One of the simplest exercises you can do if you have a motion disability is a simple sit to stand movement. When you’re in a sitting position, keep your back as straight as you’re able and slowly move into a standing position, repeating the process as many times as possible. 

This motion will help to build strength in the lower half of your body, as well as helping to loosen your joints. This is especially important if you find yourself in a seated position more often than not. 

2) Joint Rotations 

When you have a motion disability, such as cerebral palsy, your joints are likely to quickly become stiff over a short period of time. So, what can you do? Keep them moving! 

Taking five minutes to keep all of your joints rotating is a great physical exercise for anyone with a physical disability. Rotations can be short for the wrists and ankles and, if possible, larger for shoulders and knees. This will also help to promote blood circulation. 

3) Stretching and Balancing 

Stretching and balancing is an essential exercise for people with motion disabilities. When the muscles aren’t used as often as they should be, they can end up tightening, which can lead to involuntary spasms and contractions (spasticity). 

So, you can combat this by gently stretching the major muscles through extensions and, if you’re capable, combine this with simple balancing exercises. When attempting balancing exercises, be sure to have aid, or someone around to support you just in case you push yourself too far. 

4) Body Weight Exercises 

Using your own body weight is a great way of exercising, as it doesn’t require any expensive equipment, and can be done without having to visit a gym. 

You can use your own body weight in exercises like assisted push-ups or triceps dips, to help build your upper body strength and to burn calories. 

5) Static Cycling 

The majority of motion disabilities do not lend themselves to cycling on the road, but you can still reap the benefits of cycling by using alternative methods, such as static cycling. 

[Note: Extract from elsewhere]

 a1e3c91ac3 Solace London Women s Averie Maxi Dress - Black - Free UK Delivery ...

There are a wide variety of static exercise bikes, that cover different budgets, and some are more suited to certain physical disabilities. For example, some exercise bikes see the user in a more reclined position, making it much easier to mount and dismount without any assistance. 

The Best Exercises for People with Motion Disabilities  

If you’re looking for a gentle form of exercise that gets you out in the open, then short, gentle walks are a great place to start. You don’t necessarily need to have a scheduled route to take – you can simply walk around the block at first. 

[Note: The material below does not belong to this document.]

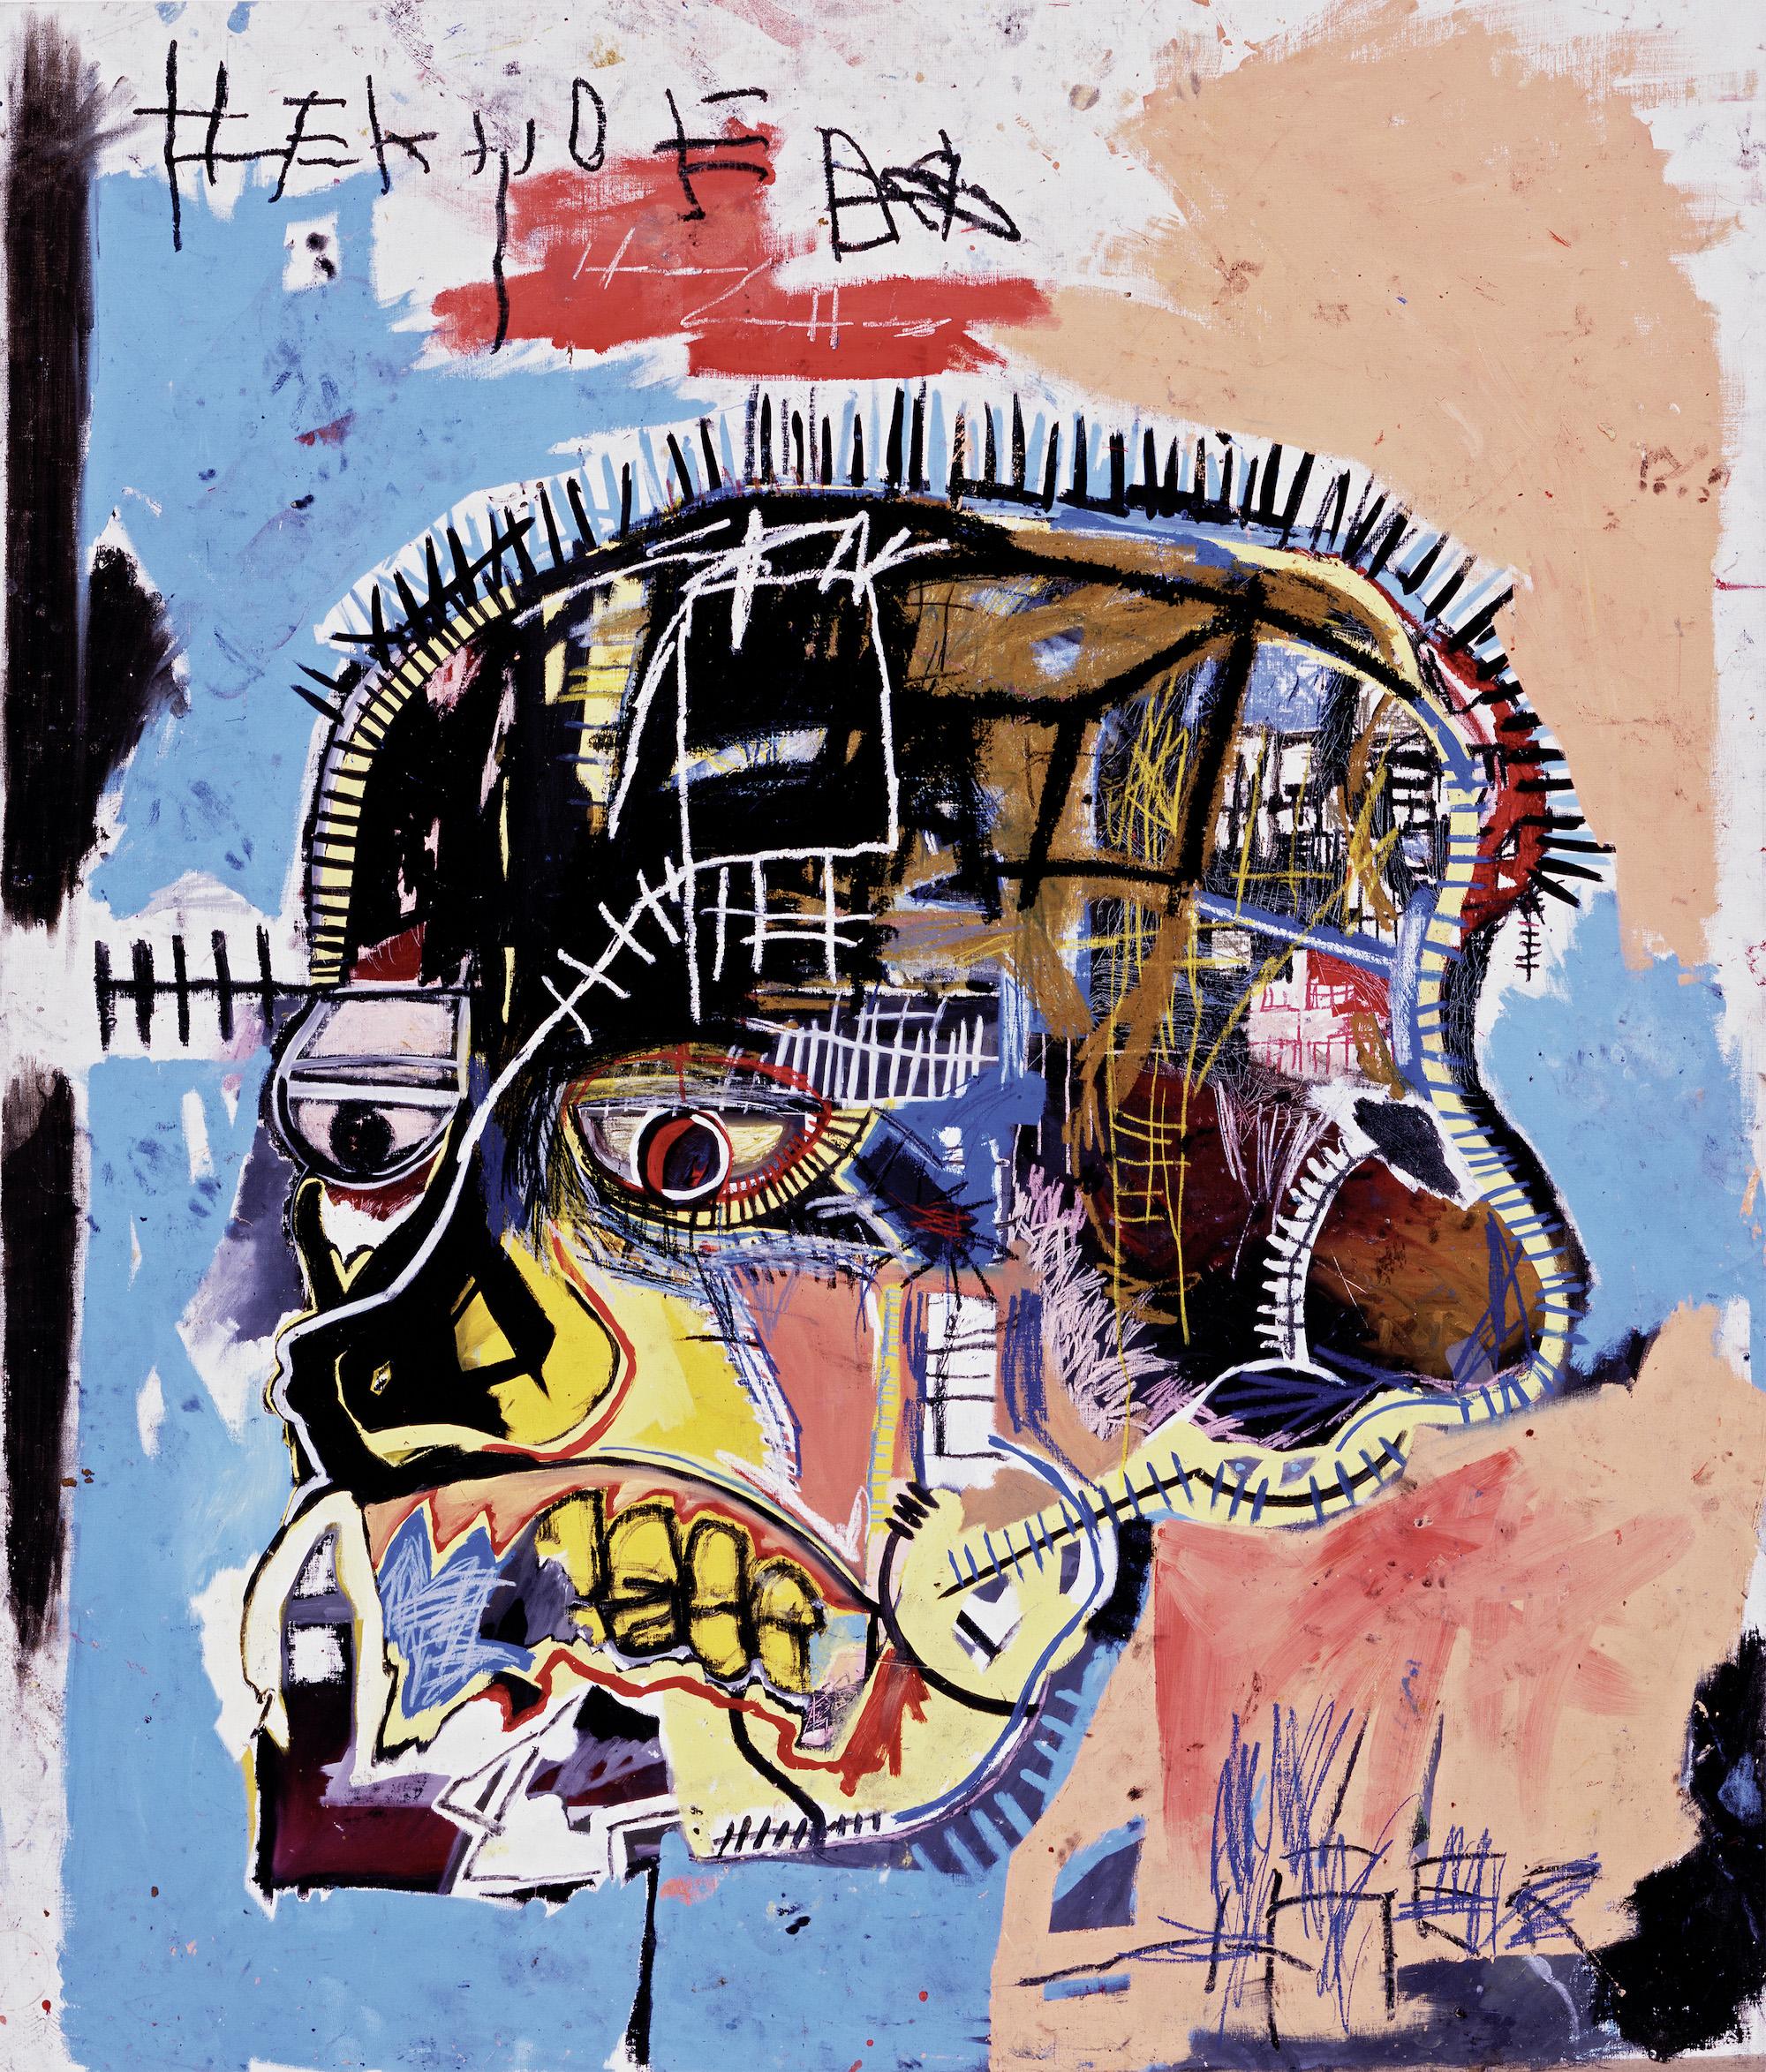 XL_Basquiat_01141_112-113.jpg

Walking is not just a great aerobic exercise, but it helps to get your joints moving and reduce stiffness, as well as alleviating back pain. And everyone likes to be out in the fresh air, don’t they? 

7) Aquatic Exercise 

There’s a reason why being in the water is a brilliant way to exercise. Water reduces the effects of gravity, which means the pain and stress your body goes through is greatly reduced. 

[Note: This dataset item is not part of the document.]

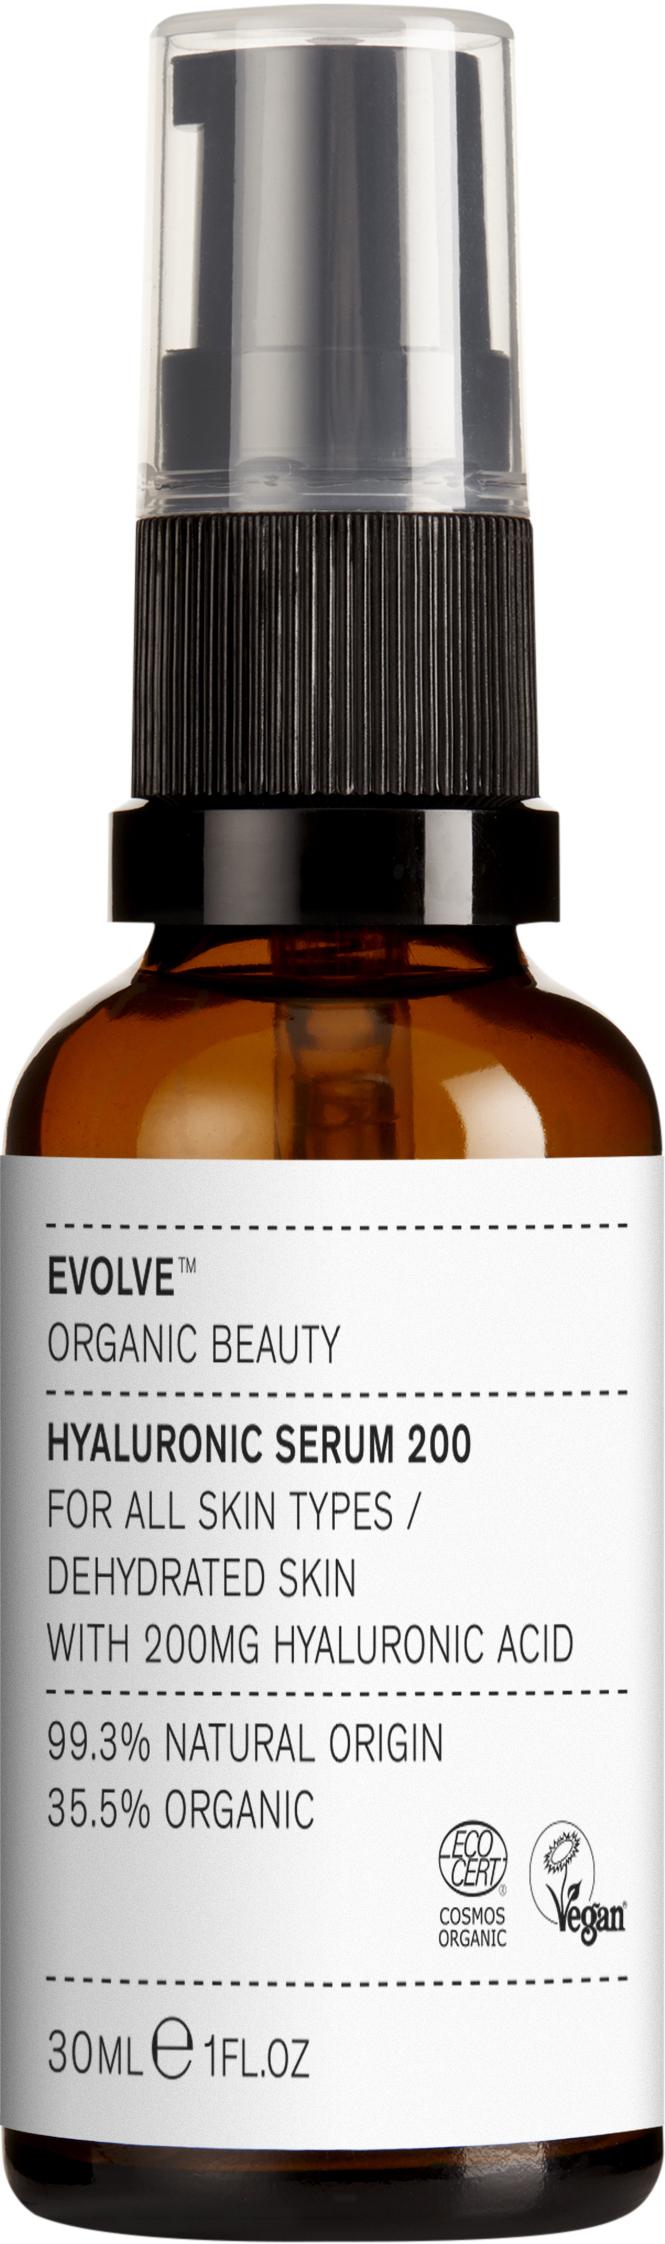 Evolve Hyaluronic Serum 200, 30 ml

By taking to a swimming pool, you can stretch and strengthen your arms and legs, using the weight of the water to help counteract any balance issues you have. It’s much less effort than being on land, with the added benefit of having a similar positive effect on your physical health. 

8) Team Sports 

Just because you have a motion disability, it doesn’t mean you can’t engage in a team sport. Almost every team sport you can think of can still be enjoyed in some capacity, so it’s a good idea to go out and take a look at what’s on offer in your local area. 

If you want some inspiration, have a look at the sorts of events that take place at the Paralympics. You can be sure that there are entry-level clubs for every discipline you see! 

9) Weights 

You may not want to use weights to become a bodybuilder (or maybe you do!), but they are an important part of any exercise regime for a reason. Using weights regularly will build up your strength and resilience and help to combat some of the issues that may coincide with your motion disability. 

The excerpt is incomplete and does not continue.